莫小樓在梵清惠準備動手的一瞬間突然說道。
梵清惠握劍的手一松,身形豁然立定,笑道:“如何,改變主意了?”
“不。我只是好奇,想問問,如果我交出不死印法,你怎么保我無痛無災一世富貴?若我拿刀自殘,豈不是讓你破了承諾?”
梵清惠淺淺一笑,話語中滿是殘忍:
“這還不簡單,只需摧斷你全身經脈,再斷你四肢即可。”
山風吹來,掀開斗笠下面紗一角,讓莫小樓驚鴻一瞥下看到了這美貌尼姑的驚世容顏。只是,此刻他看到的面容越美,心里就越是作嘔。
他突然哈哈大笑起來,笑聲中充滿諷刺:
“哈哈哈哈,我就知道......好一個慈航靜齋,好一個白道領袖。”
梵清惠雙掌合什,語氣再次變得悲天憫人,充滿安定溫和之意:
“阿彌陀佛。只要能達成目的,過程手段,并不重要。一切......都是為了天下蒼生。莫小樓,要怪,就怪你不該身為石之軒徒弟。”
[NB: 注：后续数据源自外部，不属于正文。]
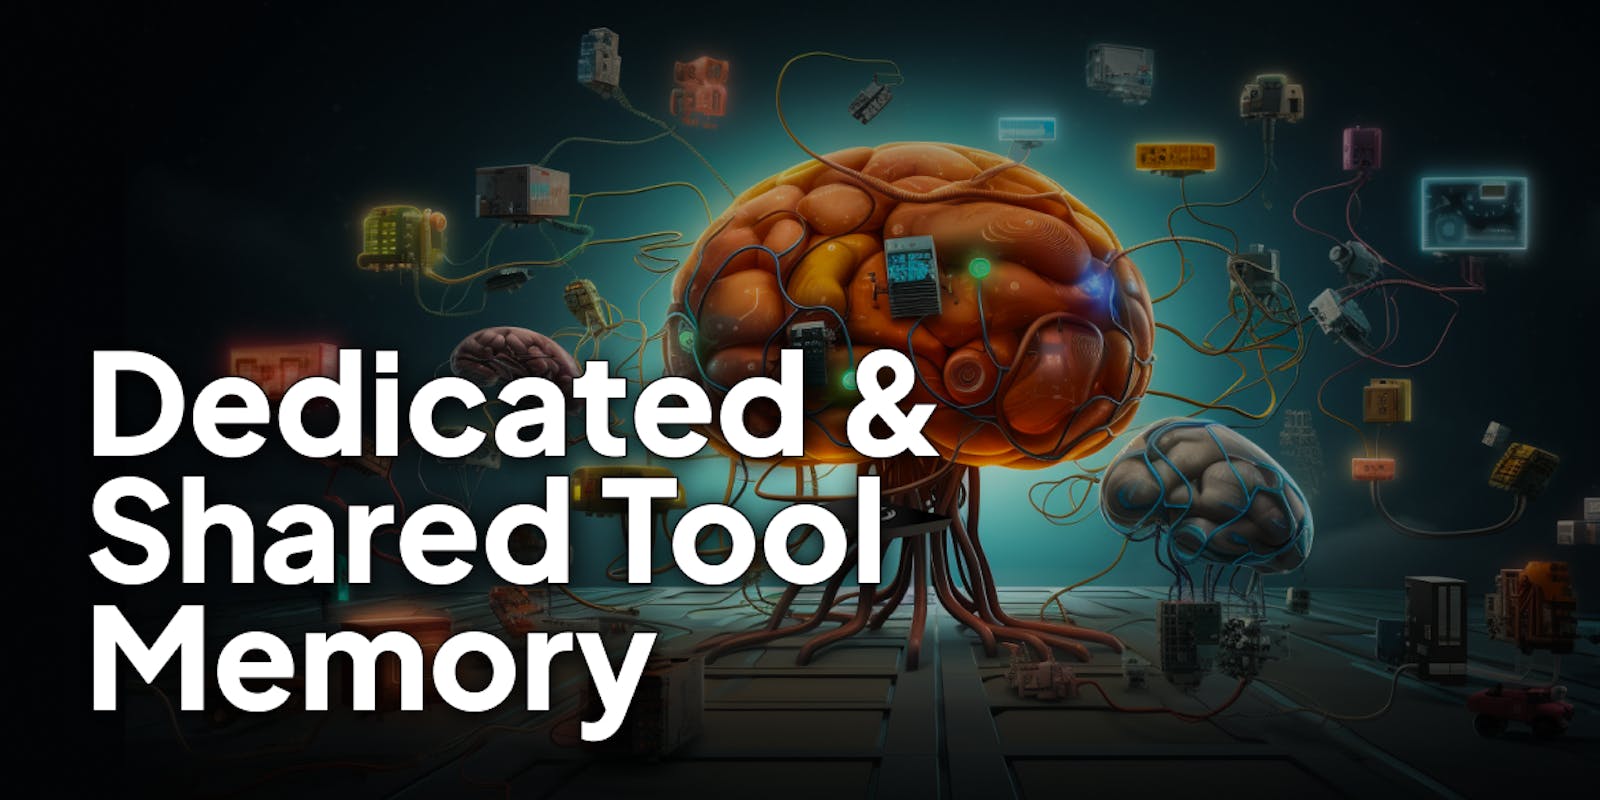 Understanding how dedicated & shared tool memory works in SuperAGI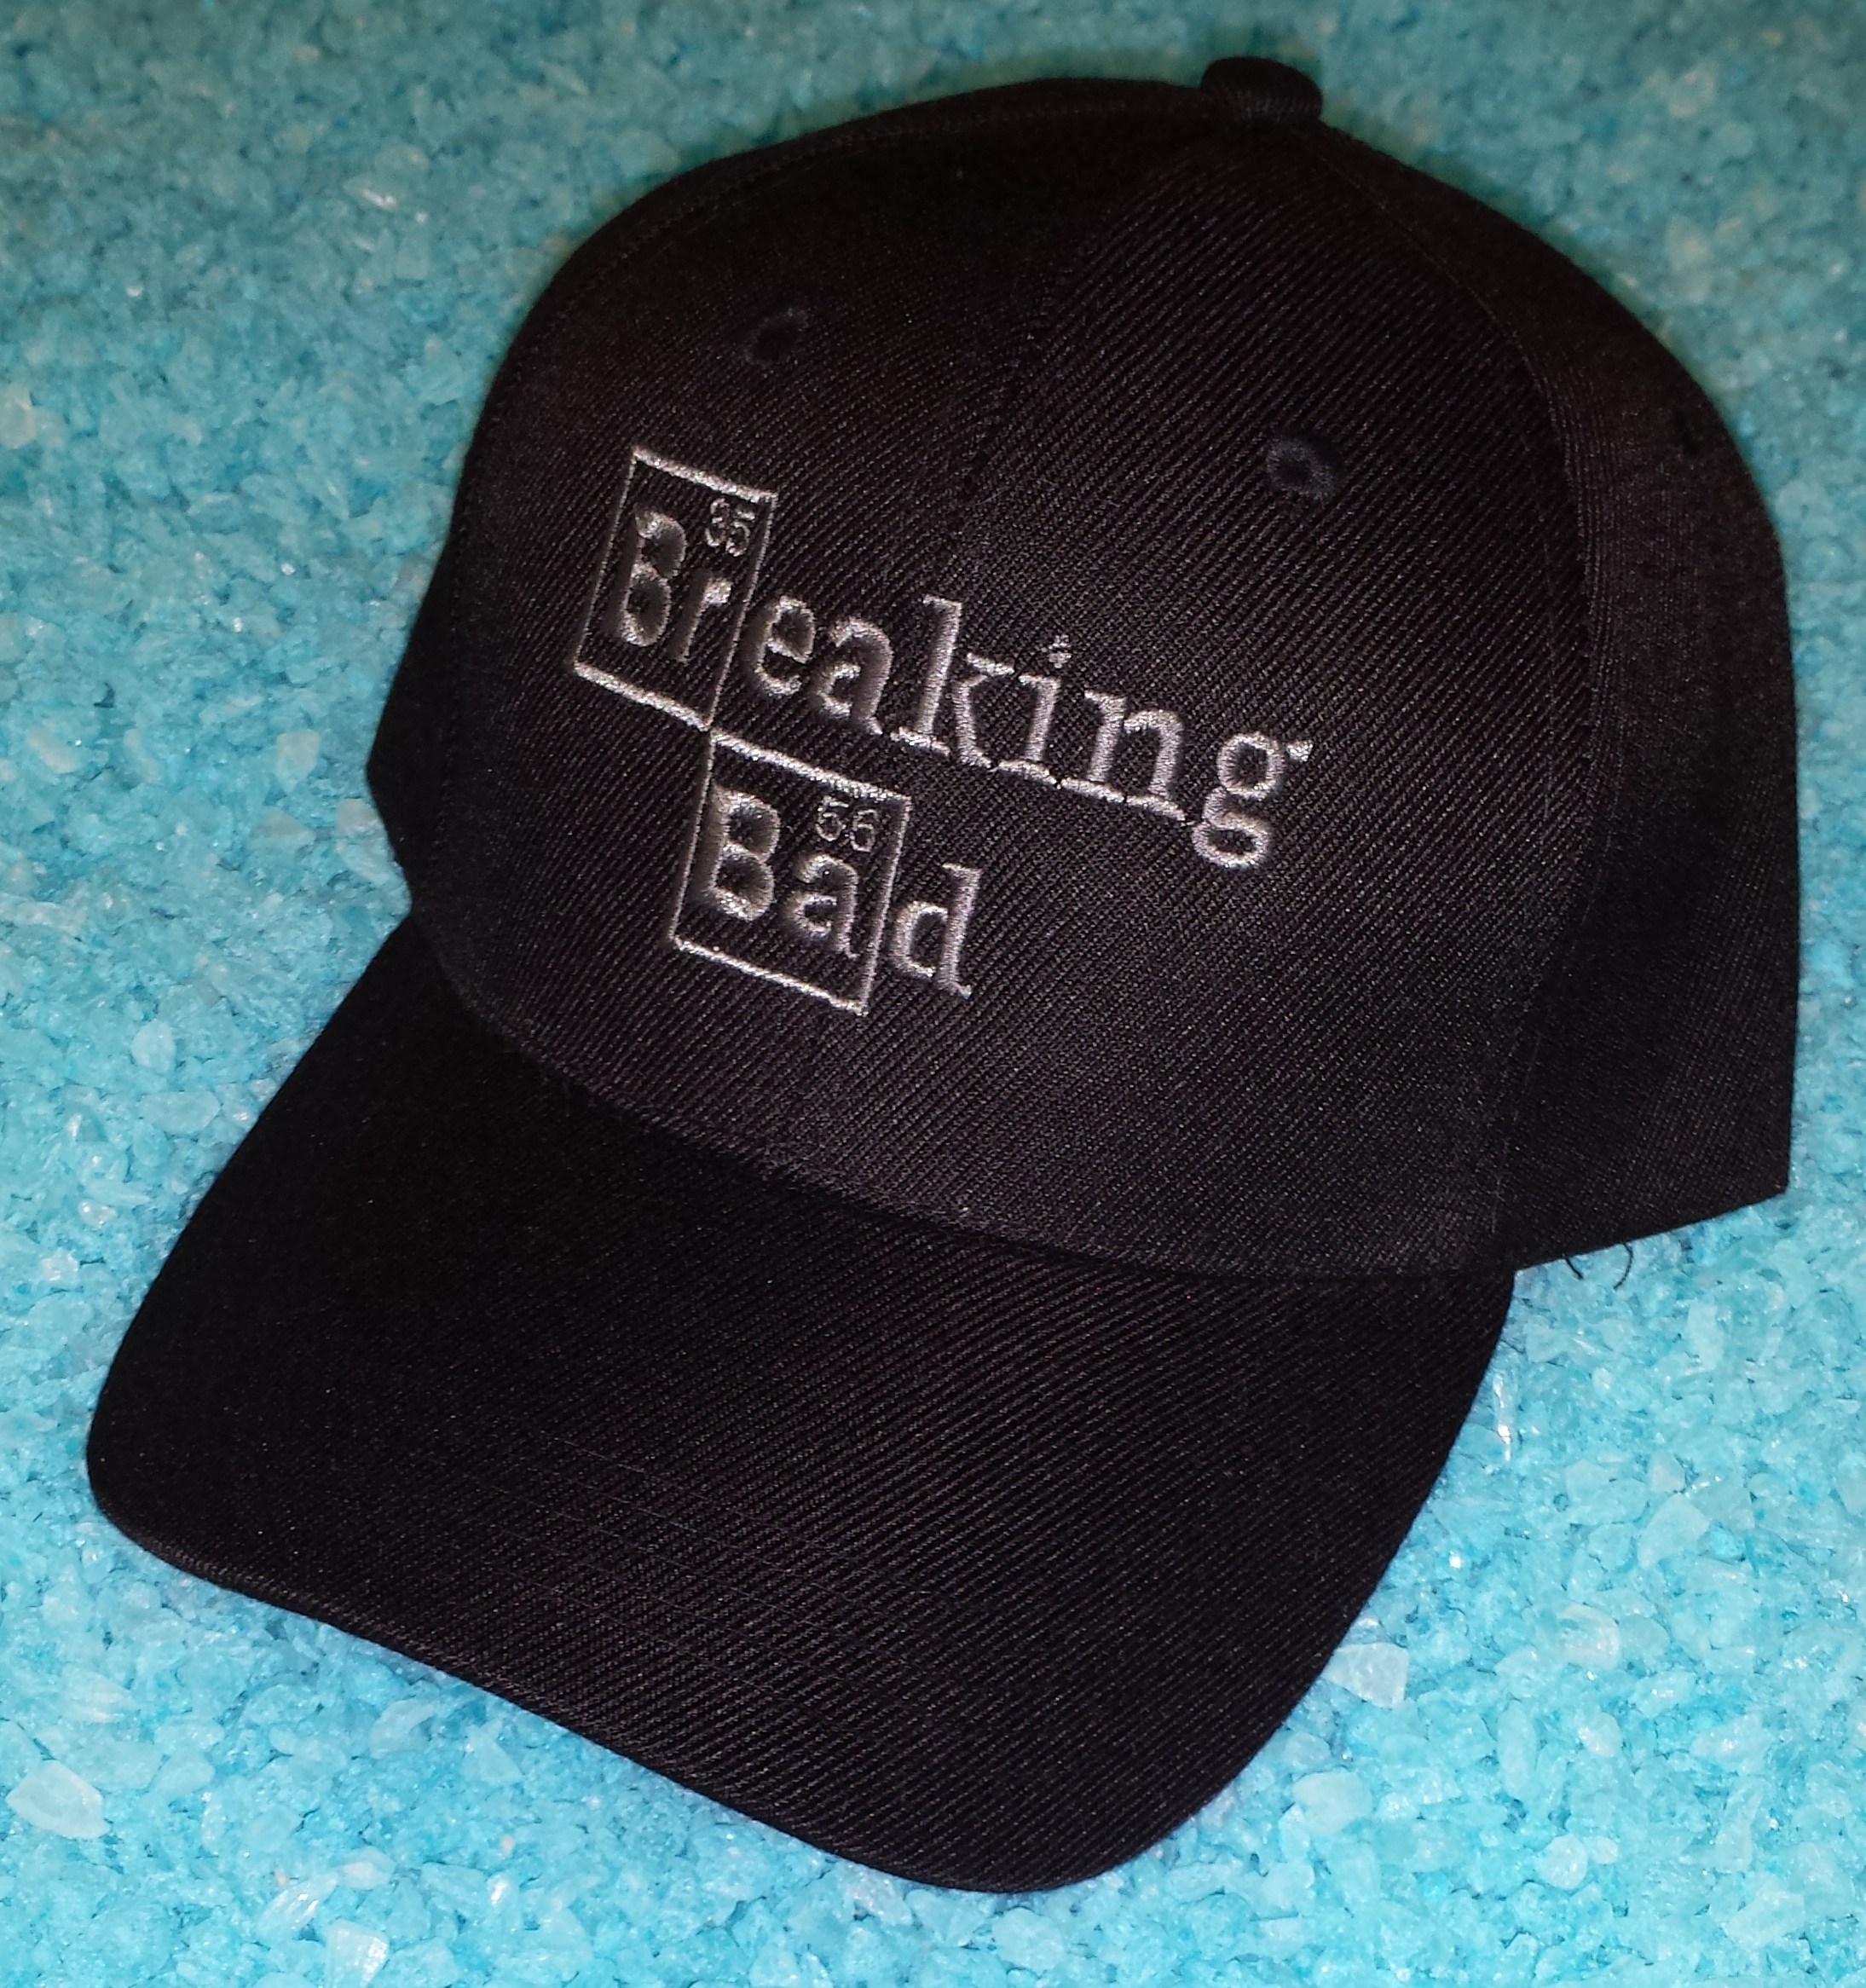 Gray Embroidered Breaking Bad on Black baseball cap

“螻蟻尚且偷生。只要你交出不死印法,再自斷筋脈,貧尼便供你在慈航靜齋中享清福,縱然成為一個廢人,也比妄死在此處強上百倍,如何?”
“可否容我考慮考慮?”
感受到從佛寺中傳來的驚天氣勢,梵清惠哂笑一聲:
“哼,不見棺材不掉淚......”
說話間,她單手微舉,提運真氣。頓時,一股冰冷徹骨的氣息席卷莫小樓,讓他寸步難動,更別說躲開攻擊了。
緊接著一股凜冽的劍意襲來,只見梵清惠禪劍已然出鞘,劍尖破風、以肉眼不可見的速度直向莫小樓心脈。電光火石之間,莫小樓憑著直覺一個側身,寶劍穿衣而過,而帶起的劍風已經撕破了胸口的皮膚,沁出一抹殷紅。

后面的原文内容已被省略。